Henisz: That’s a great example. When there are issues like immigration, racial tensions or trade policy, where so many companies have a stake in the policy outcome, I think there’s a responsibility of companies to engage on some of these issues. I think you’re seeing that. Nike is appealing to a younger, urban demographic. I think it [fits] with its image.

People expect CEOs and companies to weigh in on some of these social challenges. It’s a delicate question. You go back to [Merck CEO] Ken Frazier’s decision to leave the president’s [American Manufacturing] Council early on in the Trump presidency. Some of these issues are so large and so material that companies do have a responsibility to act and speak about what they value and what their stakeholders are concerned about.

“That’s the ultimate goal — to make this a management tool so you know where you’re performing better or worse.”

Klein: In some of these cases, there may be a tension that the CEOs have to reconcile between a short-term response and a long-term response.

Henisz: Sure. People were burning the Nike shoes. But they were also buying them. There was a surge of interest. CEOs shouldn’t do this based on a personal whim. When they’re acting out on these advocacy issues, they have to make clear when they’re speaking for the company. The Nike [ad] was a powerful one where the company felt that its stakeholders identified with a whole host of [issues about] injustice and other challenges.

Klein: You’ve been very interested in investment practices. How good is the data that we have on companies, on these different dimensions?

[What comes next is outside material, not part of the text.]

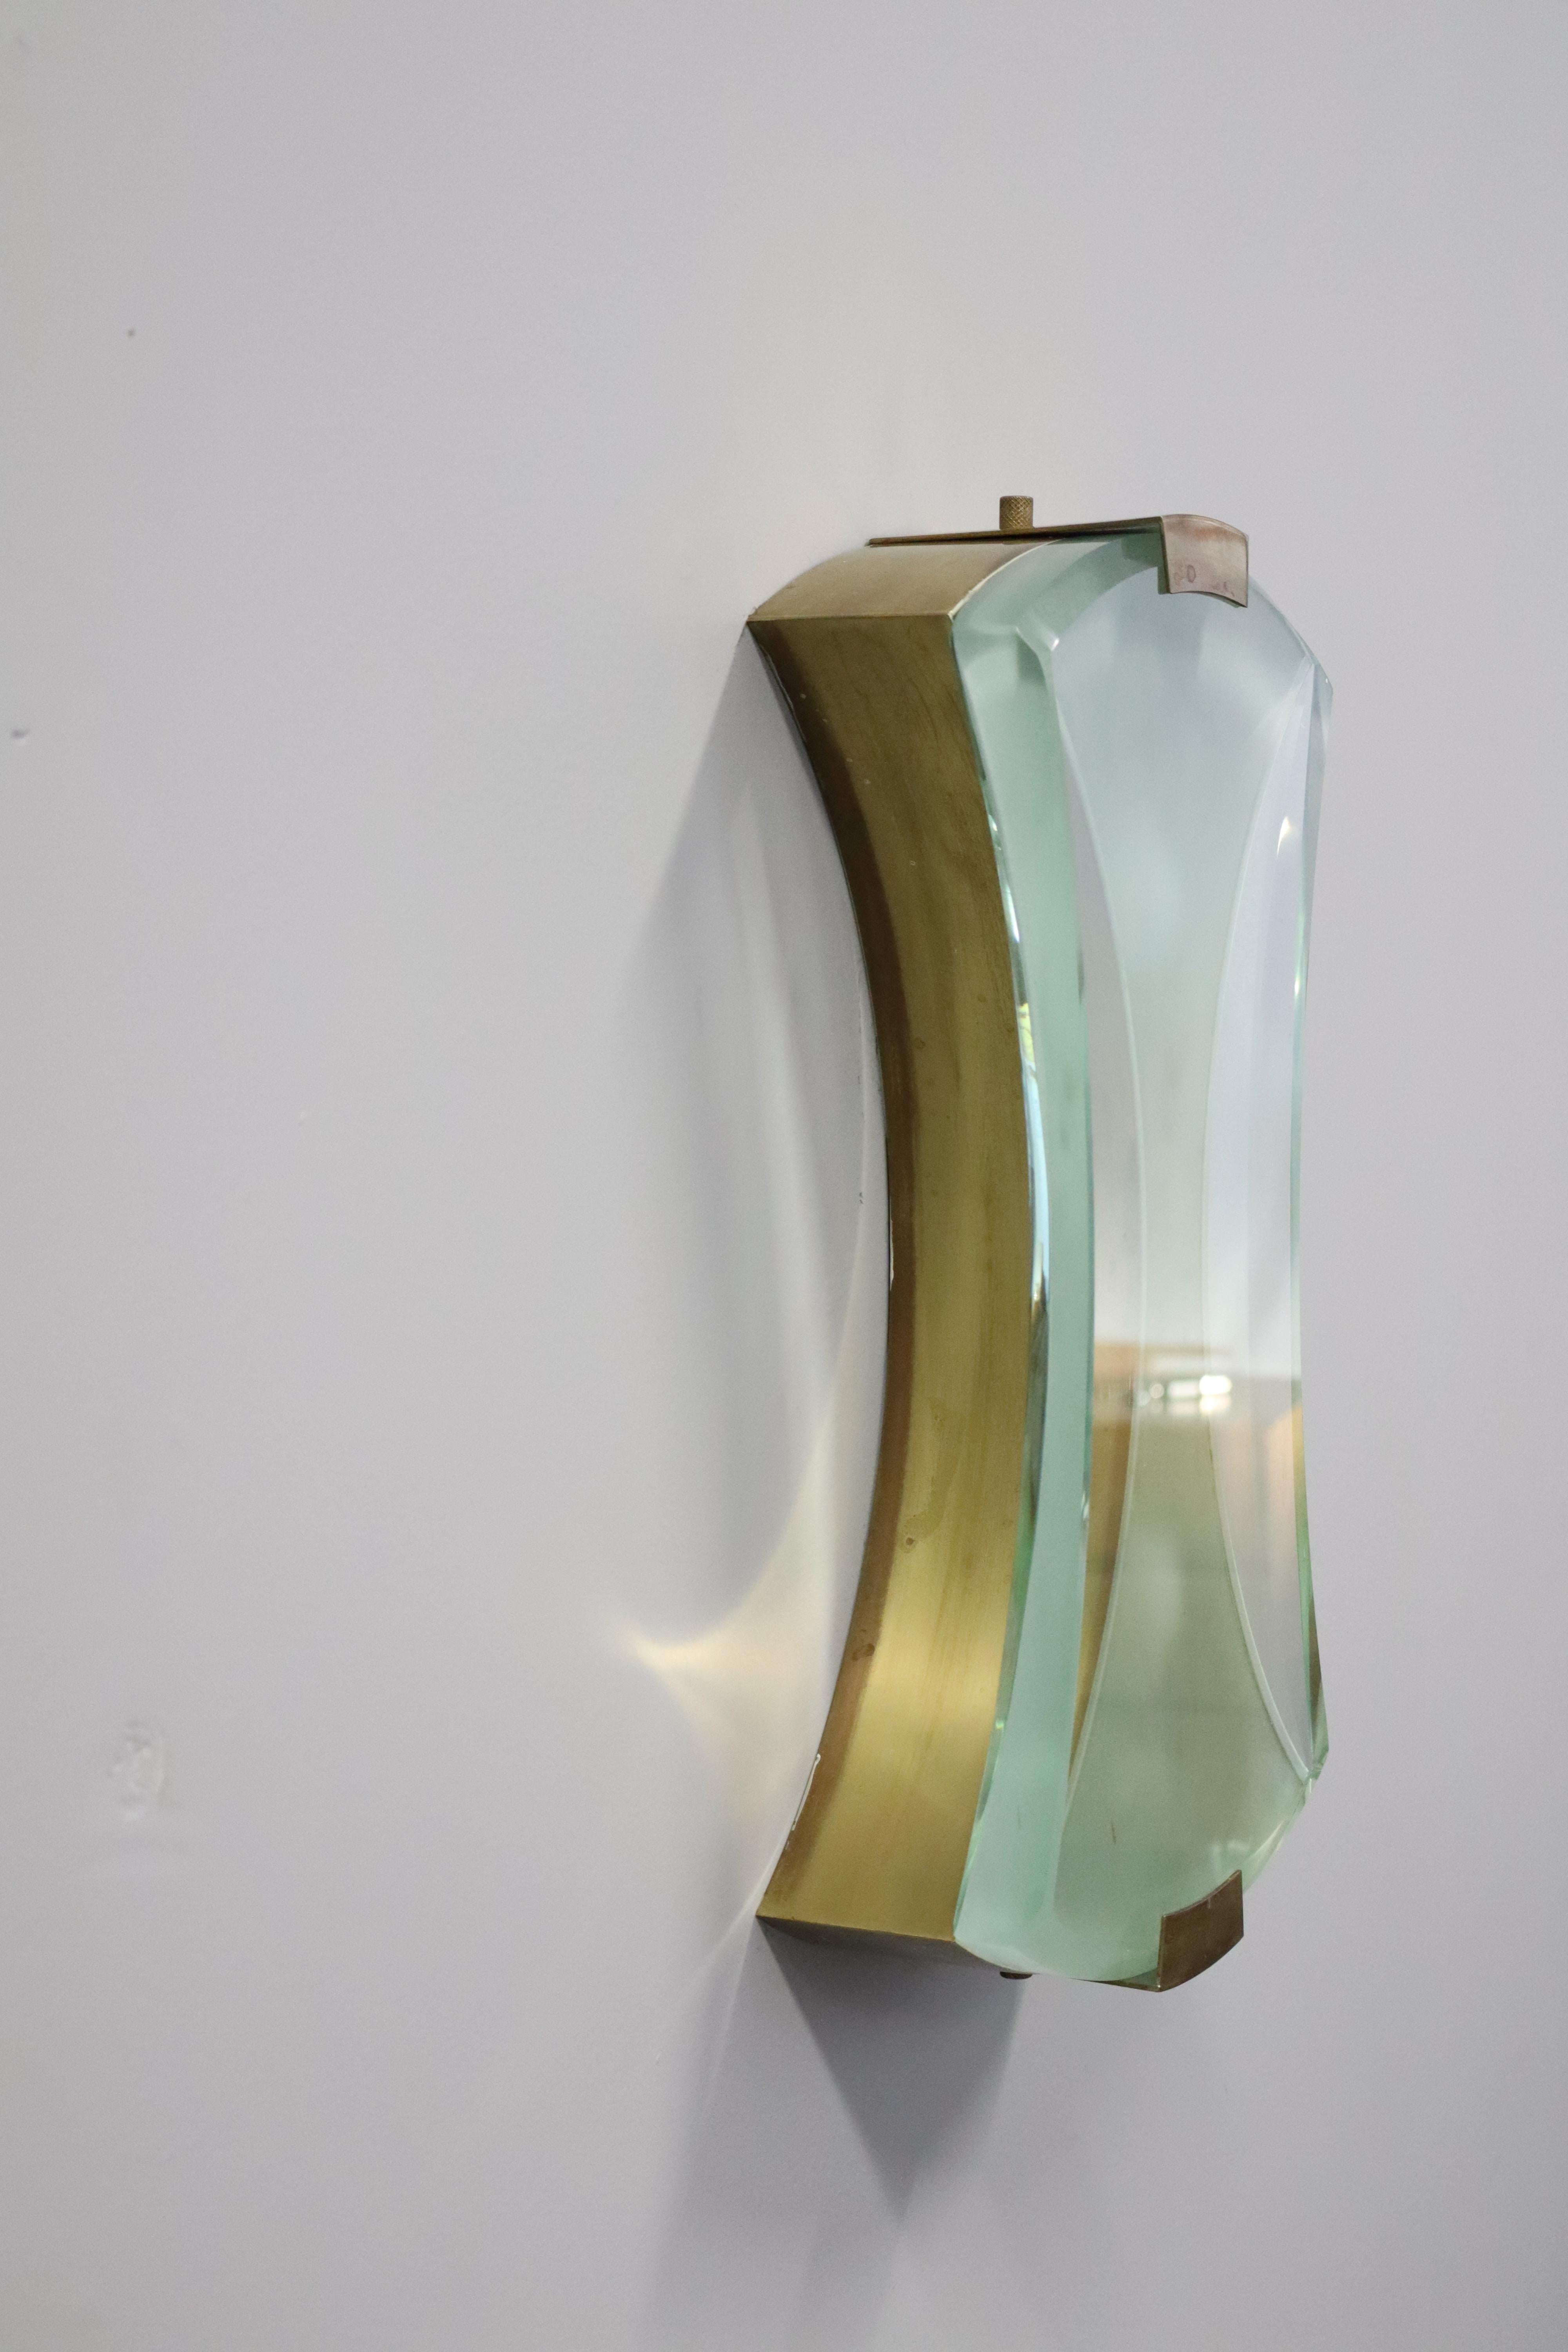 Max Ingrand For Fontana Arte Rare Pair Of Wall Lights Model 2225 5

Henisz: There’s a really stinging Wall Street Journal article that looks at a number of different ESG ratings providers, and at some companies [they rate]. There’s almost no correlation across them. It’s really frightening.… If you look at bond ratings, S&P’s, Moody’s and Fitch are correlated between 90% and 95%. ESG ratings are correlated between 5% and 50%. There’s a lot of noise. And so we have to be careful when we’re using them.

But we’re starting to see new data providers that are using not just information that the company provides in their sustainability reports or in response to surveys, but are using artificial intelligence, natural language parsing to surf the web, the news media, government regulatory filings, and social media to try and map what stakeholders are saying about companies to environment, social and governance risk factors.

… There is still a long way to go in terms of providing enough reliability … and enough precision to guide both creditor and equity investors and managers. That’s the ultimate goal — to make this a management tool so you know where you’re performing better or worse.